Given that there had been a universally negative reaction on the part of other Addicks bloggers to the statement released by the regime shortly after Sunday’s game, I did think I’d try to see if perhaps there was a more positive and encouraging interpretation. I tried; heaven knows I tried. There wasn’t one. The statement wasn’t really aimed at Charlton fans, rather it seemed some nonsense served up for the media, in the hope that some lazy journalists would fall for it (and true to form a Standard piece claiming that the FA is to investigate Sunday’s events reproduced it). Just another attempt by the regime to pretend that it is what it is not (and to paraphrase Sartre is not what it is).
I thought yesterday that we could be kind and reserve judgement.

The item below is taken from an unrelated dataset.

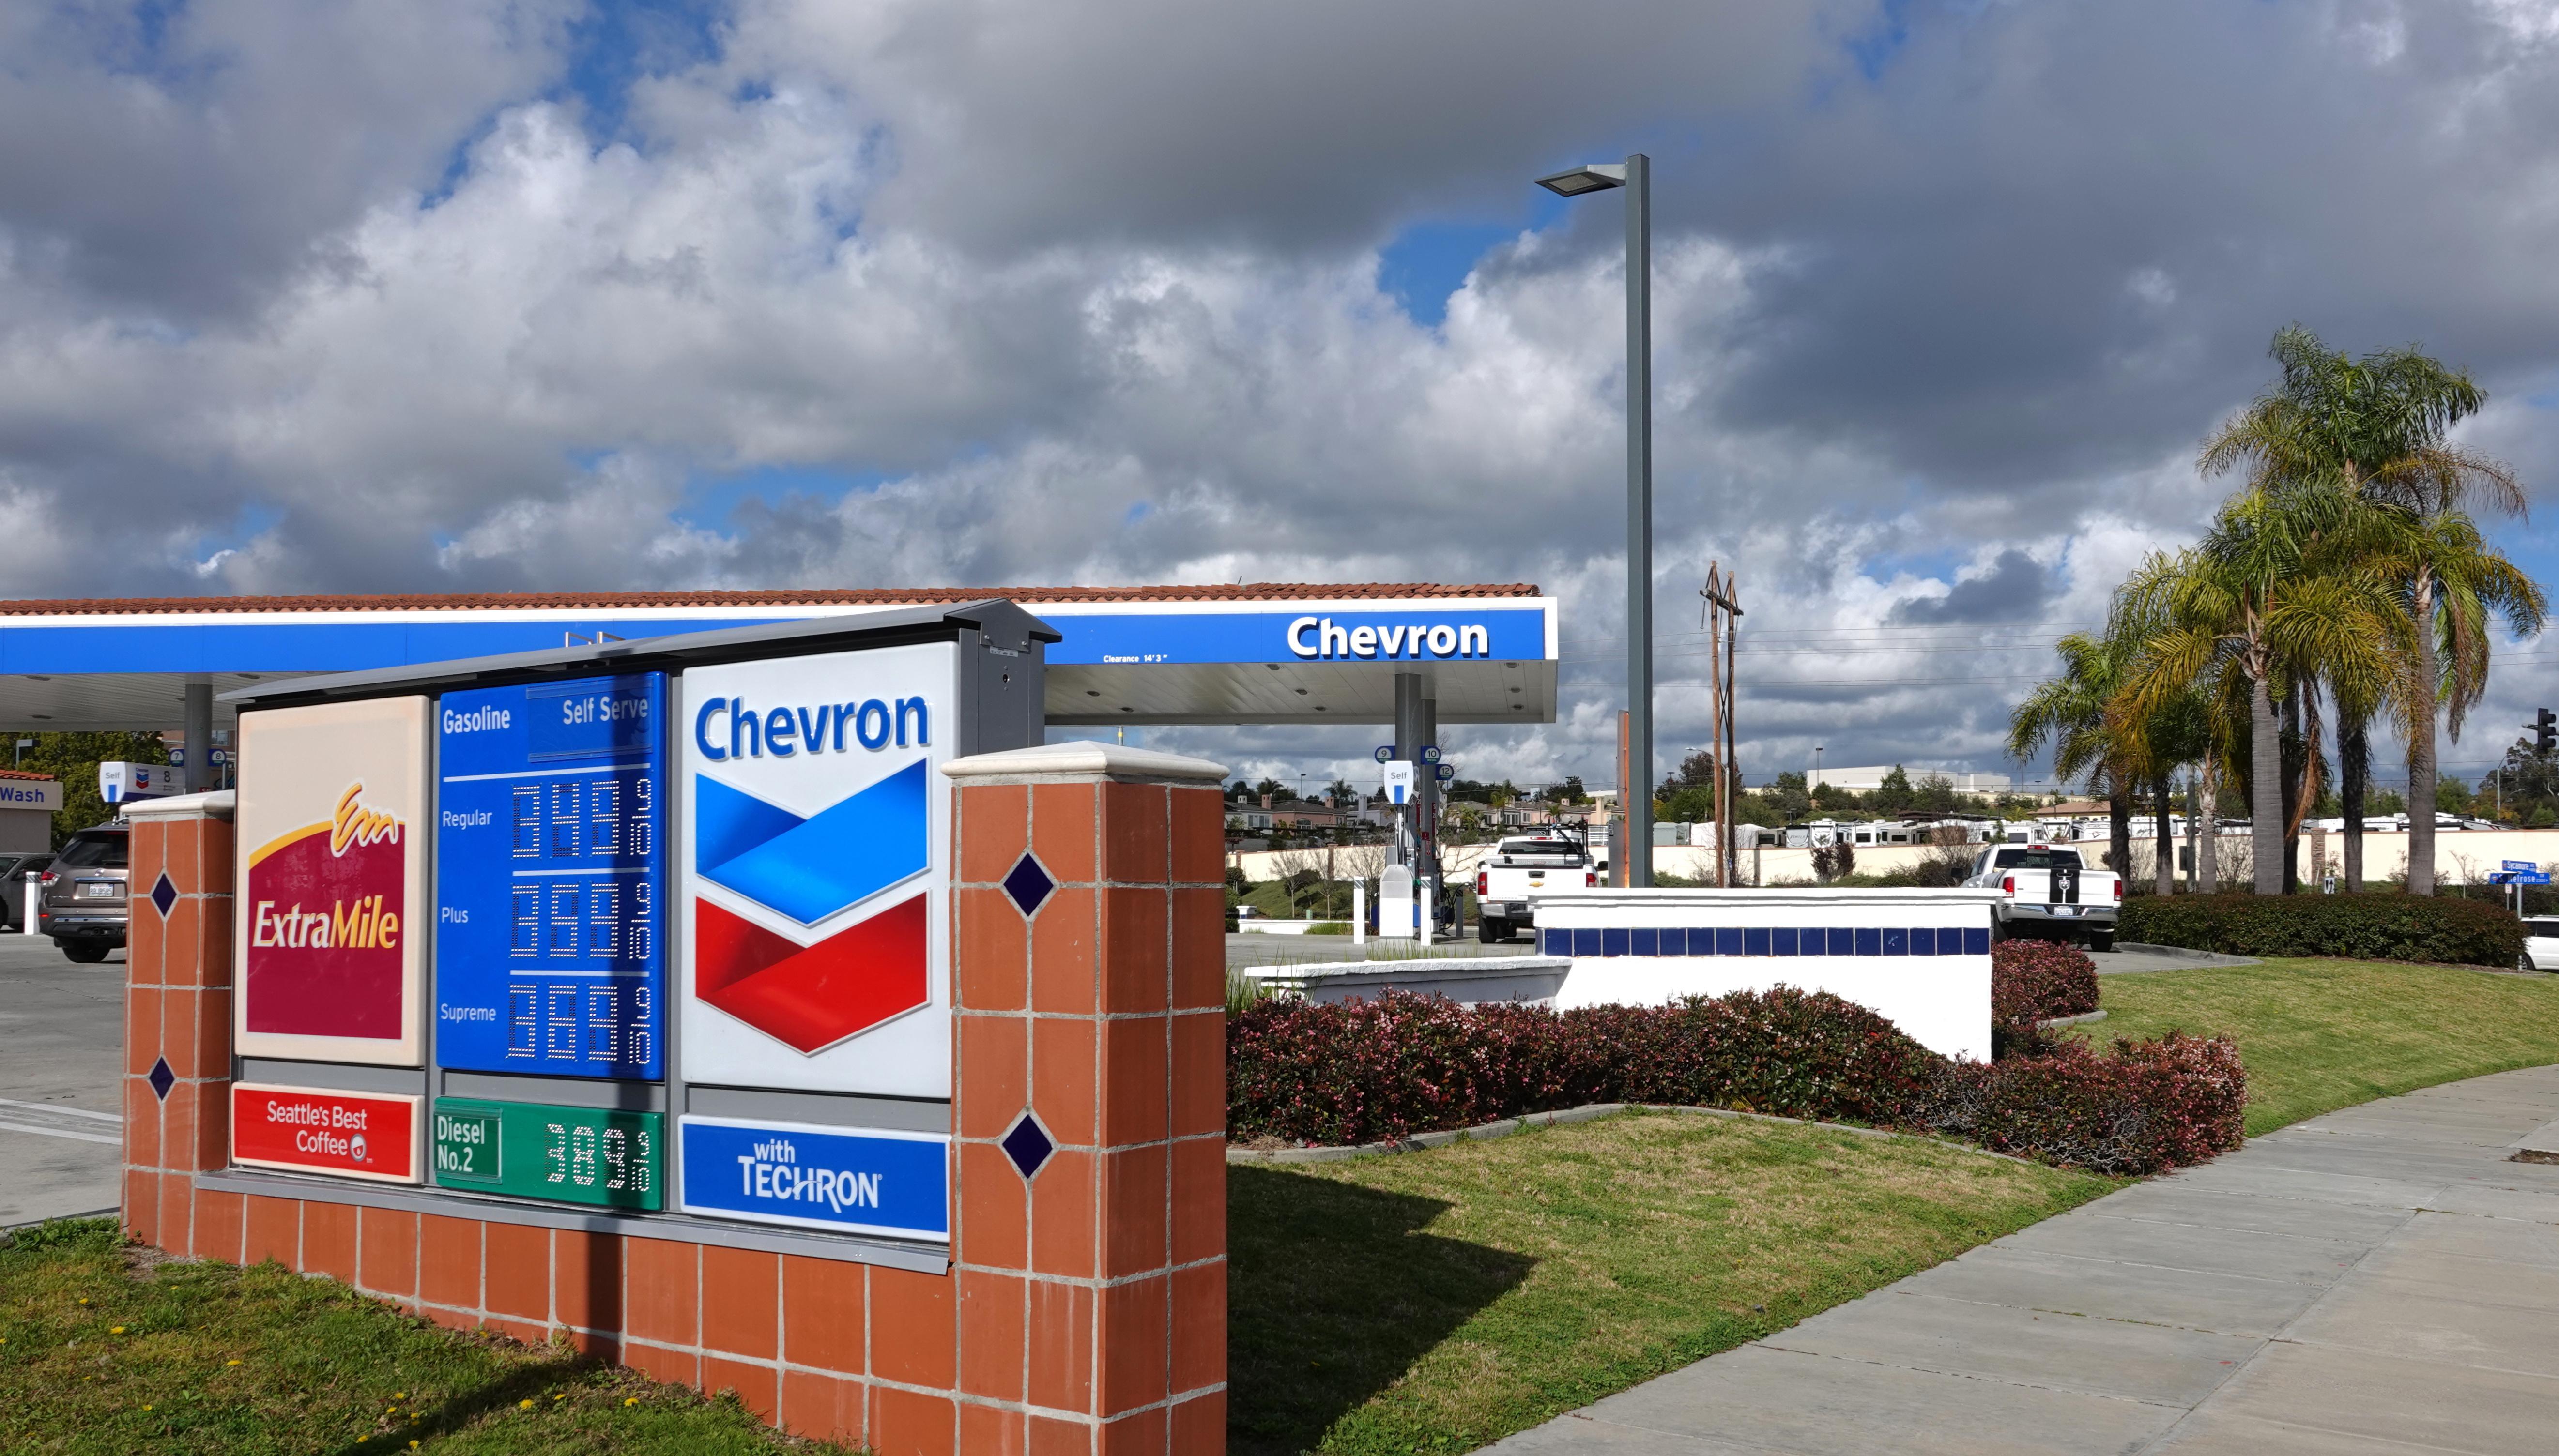 uploads///Chevron stock price CVX today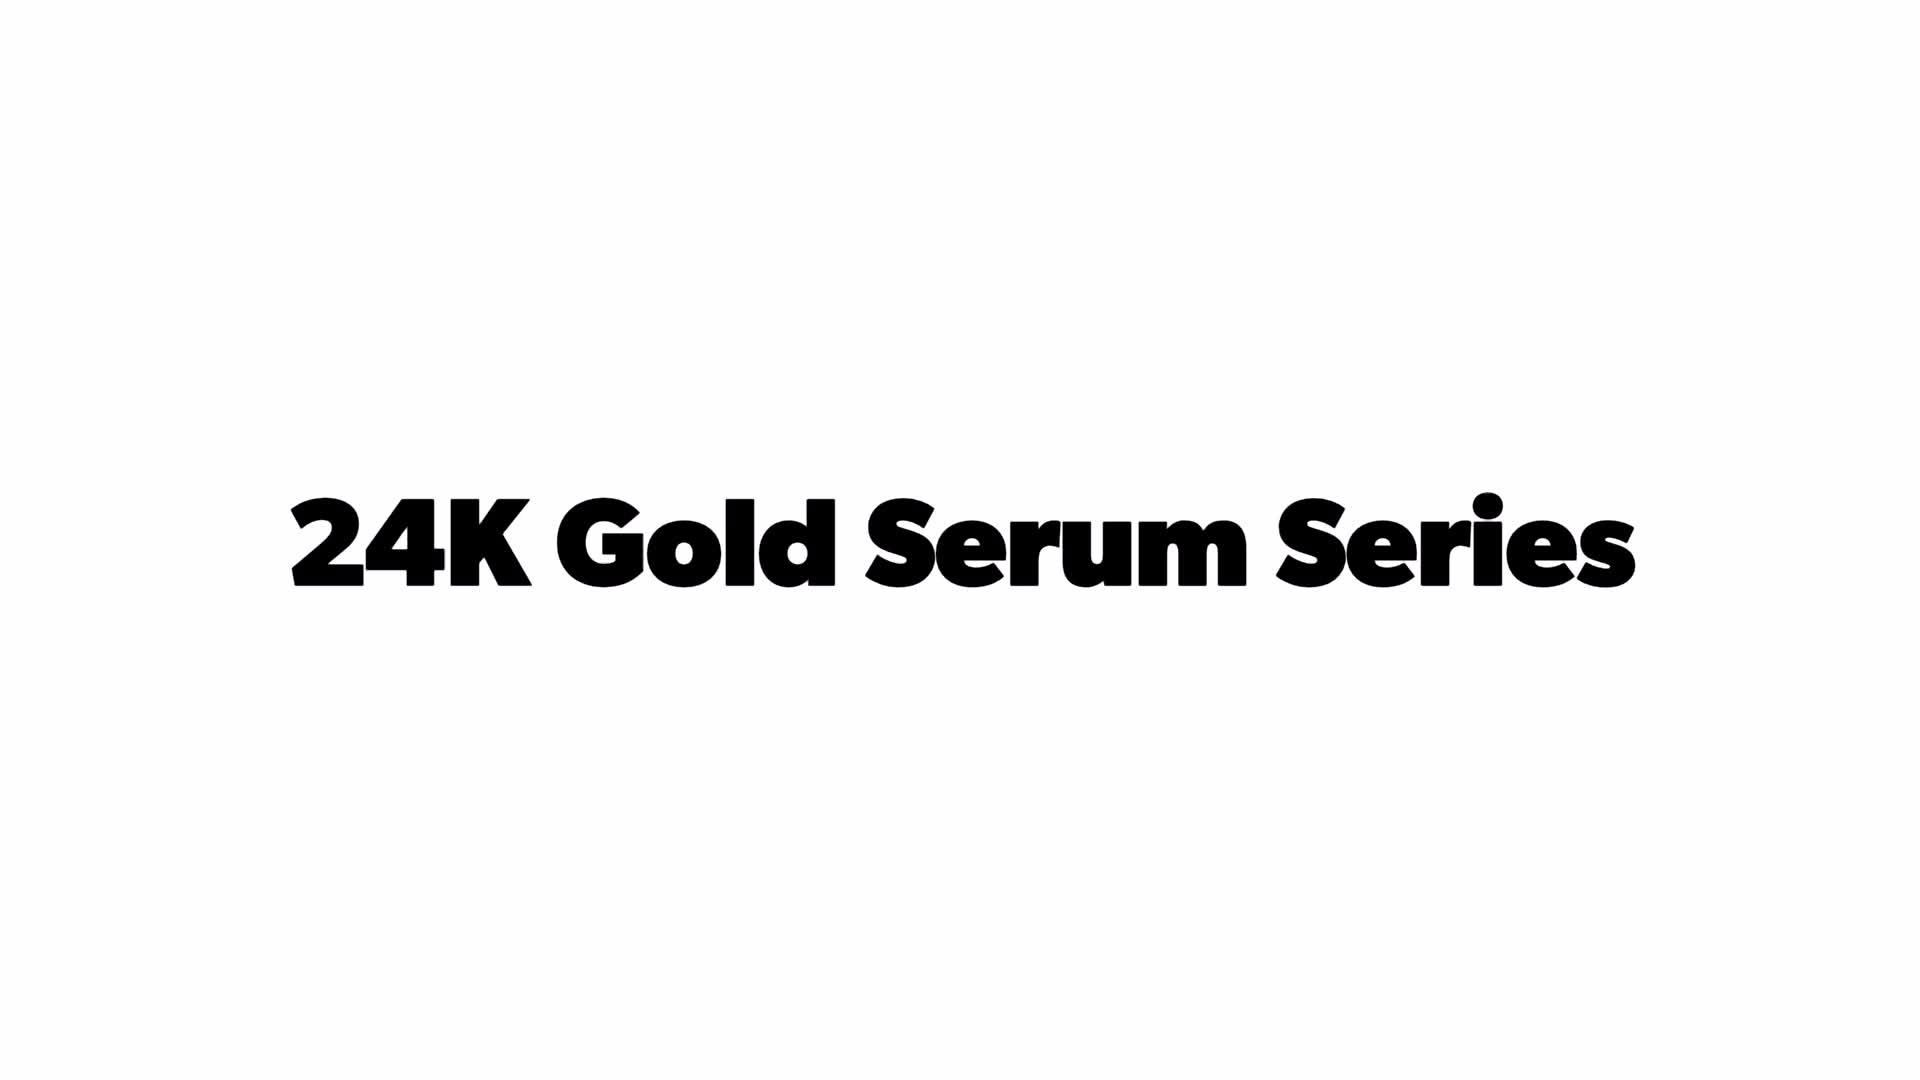 24k Gold Serum Private Label Hyaluronic Acid 24k Gold Face Serum 24k Gold Serum

The Trust had repeated its offer to Duchatelet of talks; there’s plenty of time before the next home game for a busy Belgian businessman to find a slot, if he actually cared (although along with everyone else I wouldn’t be holding my breath and another absence of a meaningful response would say all that we need to know). Then today we awake to see the regime’s ‘letter to fans’.
Let’s assume that it was either written or at least endorsed by Duchatelet; it is reasonable to infer the former as it clearly wasn’t penned by someone for whom English is their first language (and we should make allowances for that) and as it contains an attempted defence of Meire it is unlikely that she is the author. Also, there is an amusing focus through it on ‘disorder’, ‘logic’, which rather smacks of an unimaginative engineer’s narrow focus on what is right and what is wrong. It has the tone of the world according to Roland, of daddy reprimanding some of his babies.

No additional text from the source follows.